A remarkable story emerged. After learning more precisely what was happening with their groundwater, the majority of producers around Sedan had shifted their crop management strategy. Many switched from higher grade corn varieties to low grade silage corn that had a much shorter growth season. Others changed to hay varieties and some areas were reverted to grassland through the USDA’s Conservation Reserve Program. Overall, these changes appear to have led to a net slowing of the water table decline. This change in crop strategy has not been easy for local farmers and has created financial strain for these families to some extent, but the sacrifice was made to preserve the ability of the land—and now the groundwater—to sustain these families for at least another generation or two.
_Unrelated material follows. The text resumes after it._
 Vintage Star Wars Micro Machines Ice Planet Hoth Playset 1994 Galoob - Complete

It is not only the farming families who have made major changes. Their ranching counterparts have implemented similar strategies by turning wells off religiously when cattle move out of pastures, rather than letting the windmills pump water for wildlife or for maintenance. Some ranch families began converting windmills to solar powered pumps or submersible pumps on timers, thereby controlling the flow of groundwater more carefully. In subsequent winters, the pattern held––wells continue to decline, but on average by less than a foot or two each year, a huge change. Even in 2019, with new families starting to work in the area, neighbors have shared the information that has come out of the efforts described here and conservation efforts continue. With the current understanding of how slow (or nonexistent) recharge is for these aquifers, it is unlikely that we will be able to level out consumption versus recharge for these areas, but the care taken for the use of every drop of water lengthens the time a family has to find alternatives. Ideas that have circulated include aquaponics, and one exploratory project in Alamosa, Colorado, seeks to explore the local geology even more to experiment with shallow targeted recharge efforts that include engineering ditches and/or ponds in “sweet spots” on the landscape to allow more snowfall and/ or rainfall to work its way down to the local aquifer.
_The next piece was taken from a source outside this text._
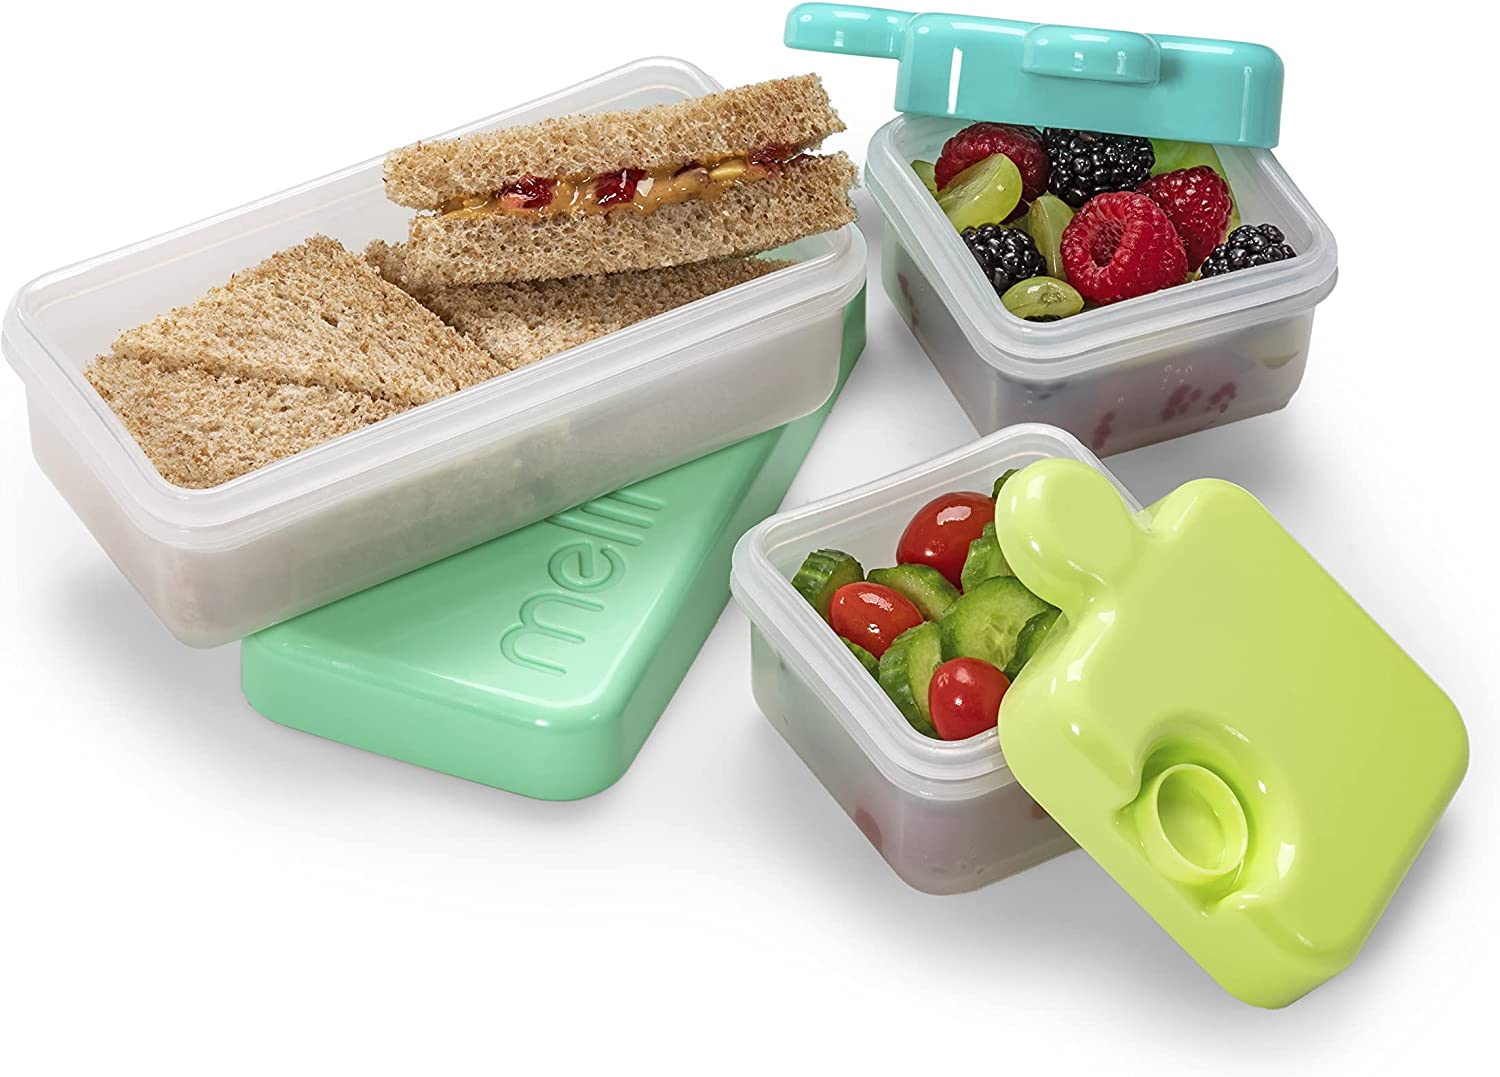  YC Kitchen Salad Container for Lunch, Bento Box Adult

The traditions built into ranching and farming families are strong and carry over multiple generations. One of the strongest lessons passed down is “take care of the land and the land will take care of you.” Producers in Union County have carried that lesson to include their groundwater resources as something to be taken care of along with their soil, their crops, their grass, their cattle, and their communities. The impact of Union County’s efforts has rippled out and there are now groundwater resource management studies being conducted on range and crop land in seven area counties. Groundwater is a tricky resource—it is one of the most precious components of a ranch or farm, but it is the easiest to overlook. The joining of forces between producers and geologists has helped these families and communities take care of their groundwater to prolong this land’s ability to provide for future generations.